Collected material ::
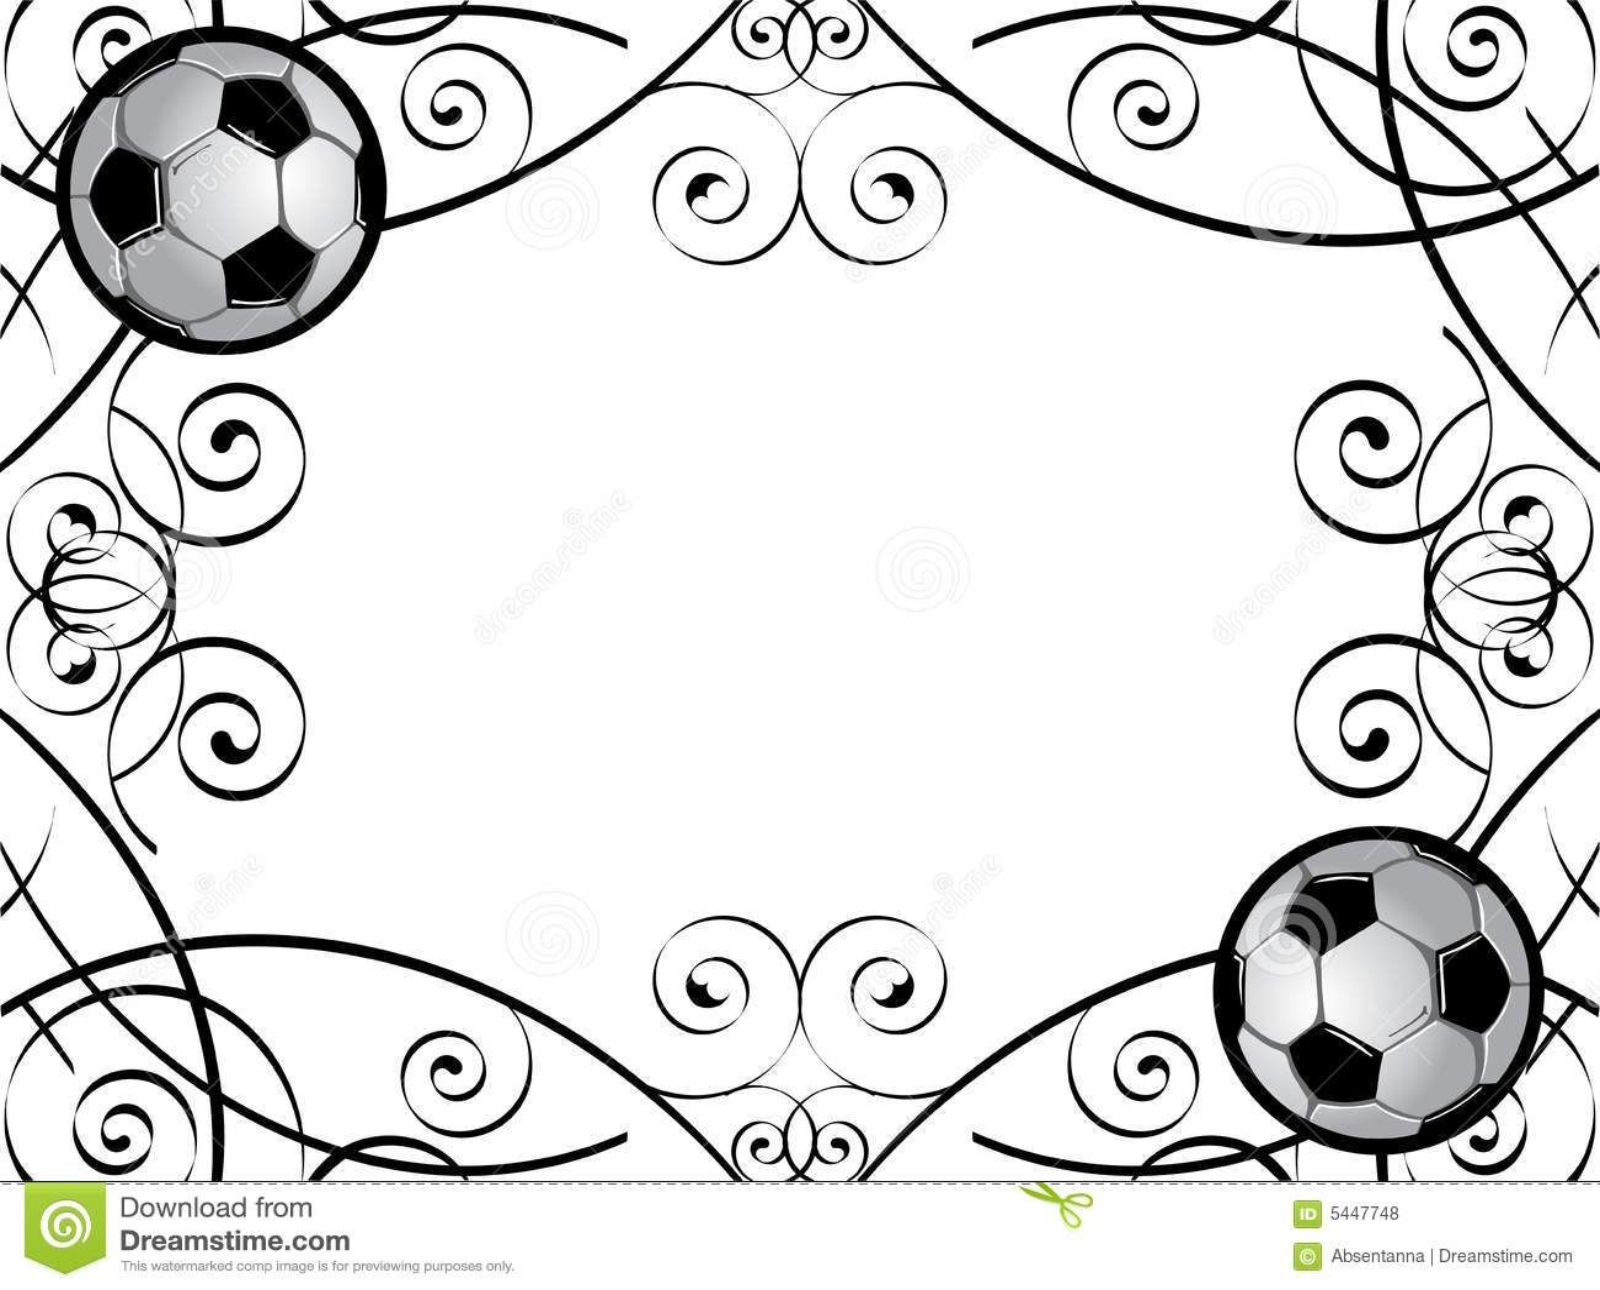 Soccer frame / border stock illustration. Illustration of decoration ...
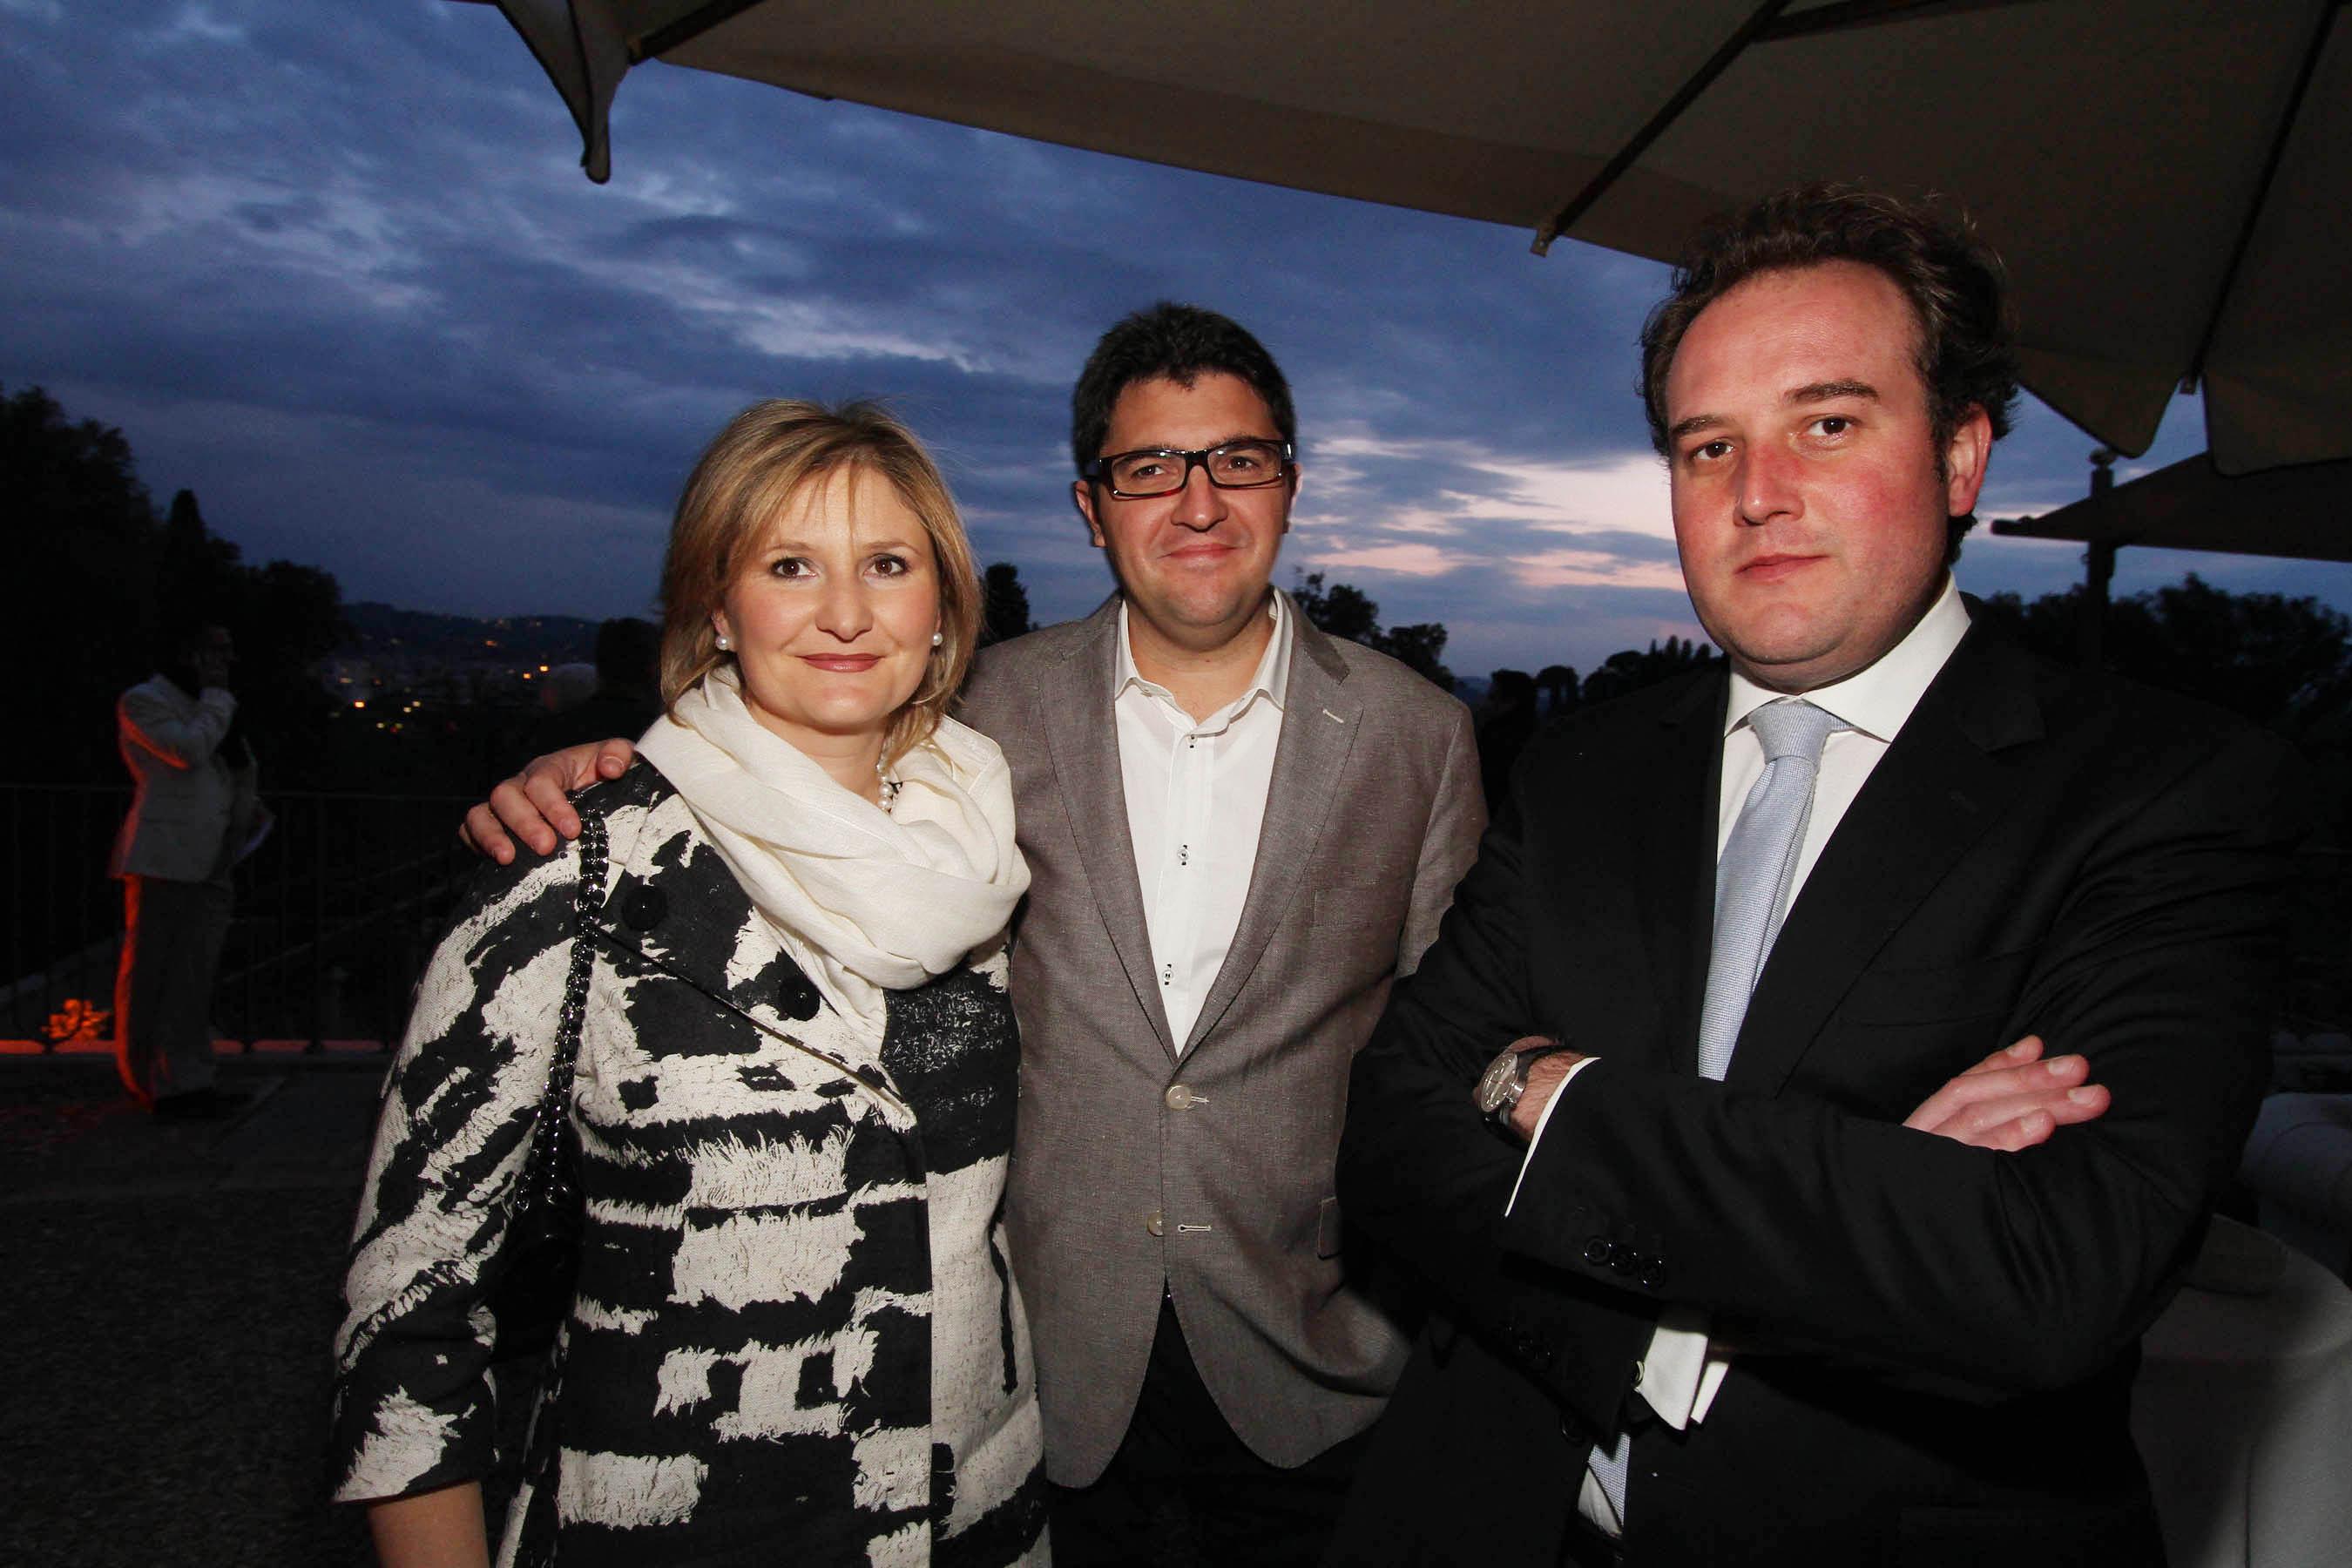 PRESSPHOTO Firenze, festa Firenze Magazine. Nella foto Adriana Basso, Simone Dal Sie e Paolo Sabadin
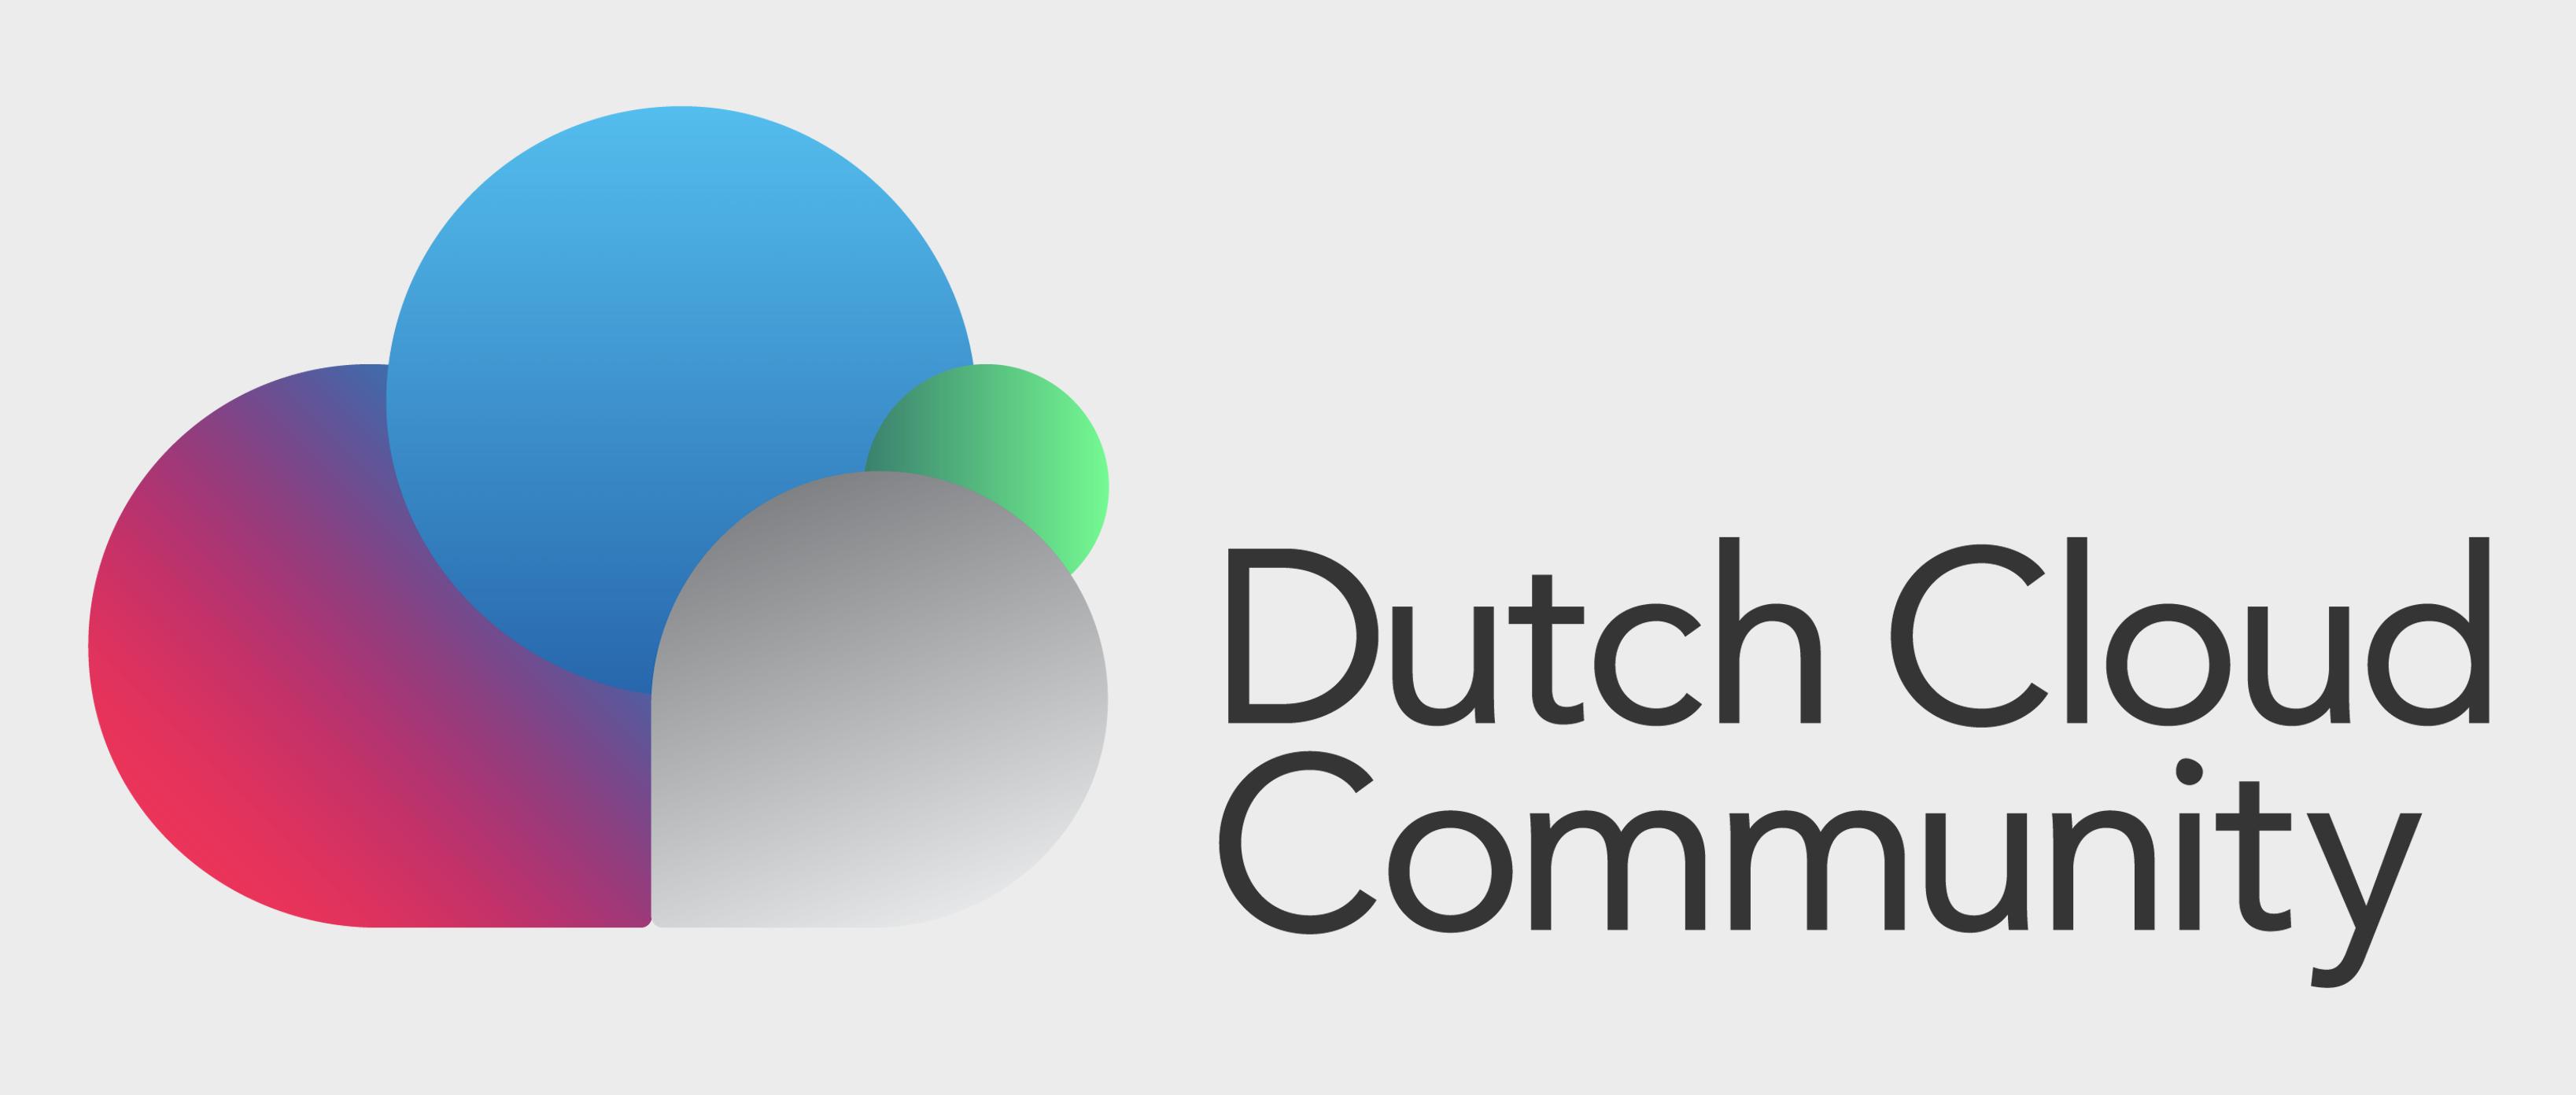 Dutch Cloud Community

Work request ::
Hand back every line of the material, exactly, without the pictures.

Output of the exercise ::
 Soccer frame / border stock illustration. Illustration of decoration ...
 PRESSPHOTO Firenze, festa Firenze Magazine. Nella foto Adriana Basso, Simone Dal Sie e Paolo Sabadin
 Dutch Cloud Community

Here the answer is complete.